Introduction: Transgender persons are vulnerable to under-receipt of recommended health care due to chronic exposure to systemic stressors (e.g., discriminatory laws and health system practices). Scant information exists on receipt of alcohol-related care for transgender populations, and whether structural interventions to reduce transgender discrimination in health care improve receipt of recommended treatment. This study evaluated the effect of the Veteran Health Administration (VA) Transgender Healthcare Directive-a national policy to reduce structural discrimination-on receipt of evidence-based alcohol-related care for transgender VA patients with unhealthy alcohol use.

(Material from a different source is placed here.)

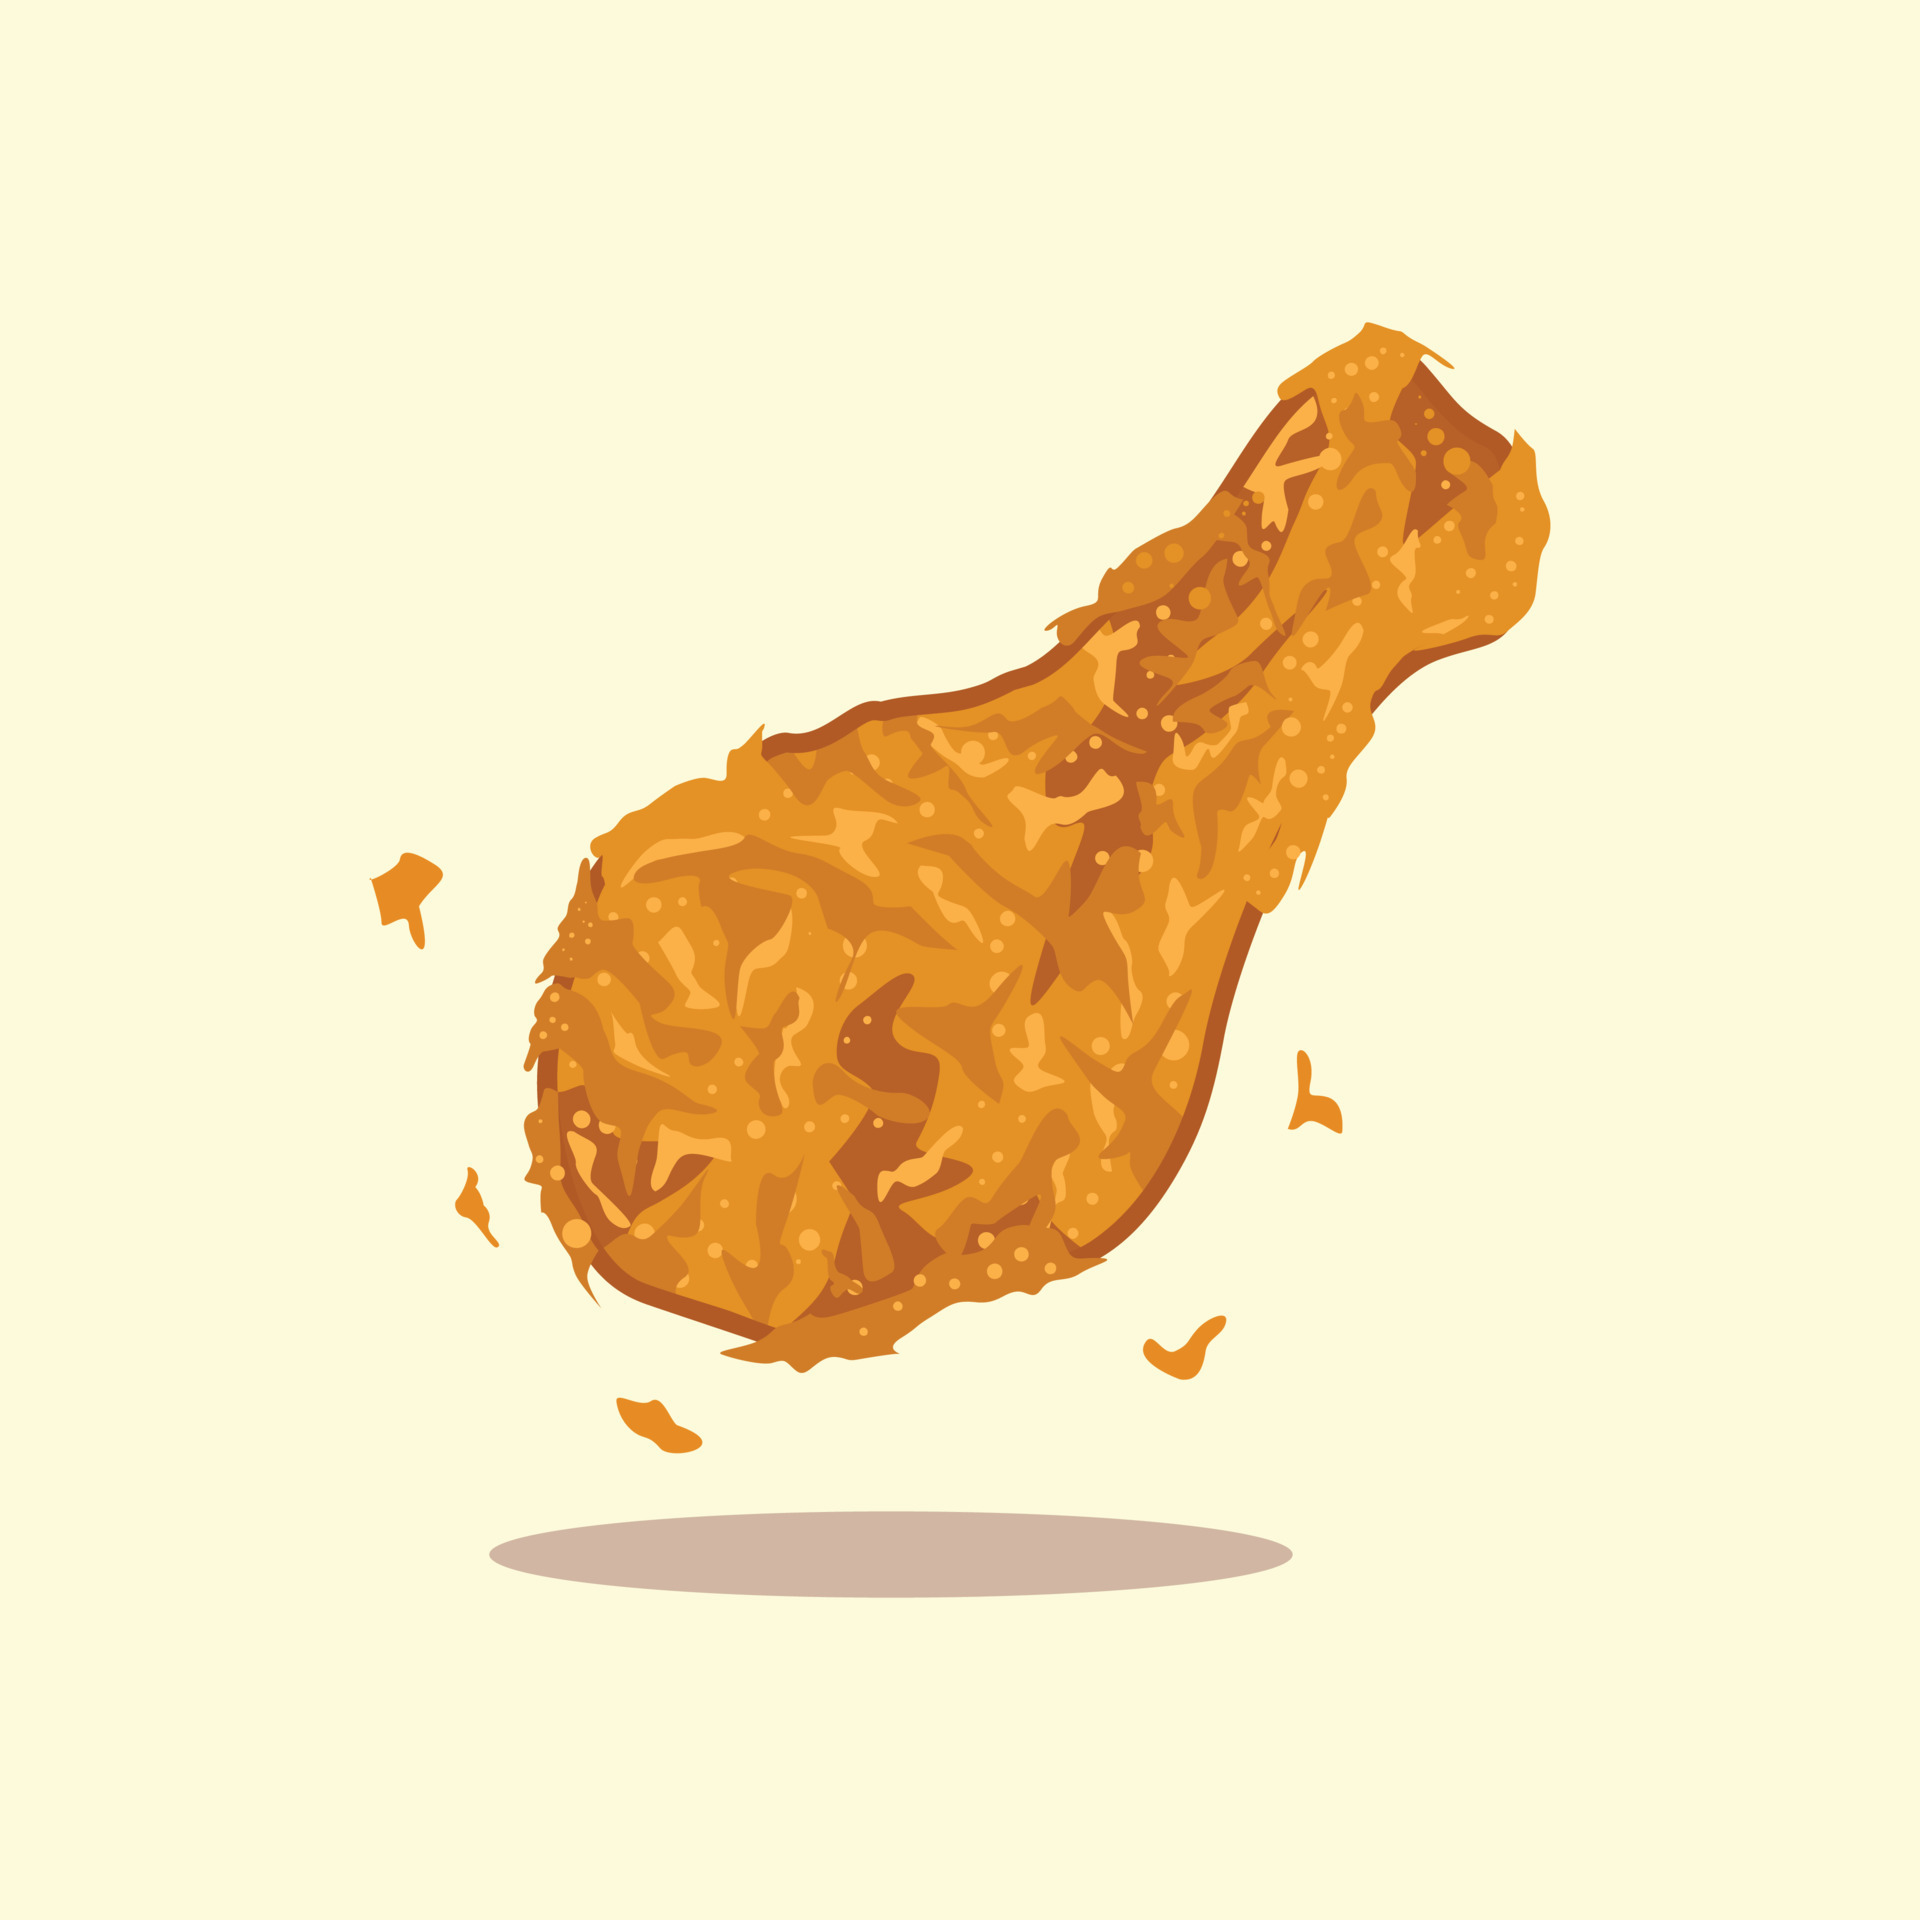 Crispy chicken thigh illustration cartoon design 16145928 Vector Art at ...

Methods: The study used an interrupted time series with control design to compare monthly receipt of alcohol-related care among transgender patients with unhealthy alcohol use (Alcohol Use Disorders Identification Test Consumption ≥5) documented in their electronic health record before (10/1/2009-5/31/2011) and after (7/1/2011-7/31/2017) implementation of VA's Transgender Healthcare Directive. A propensity-score matched sample of non-transgender patients with unhealthy alcohol use served as a comparison group to control for concurrent secular trends. Mixed effects segmented logistic regression models estimated changes in level and slope (i.e., rate of change) in receipt of any evidence-based alcohol-related care, including brief intervention, specialty addictions treatment, and alcohol use disorder medications.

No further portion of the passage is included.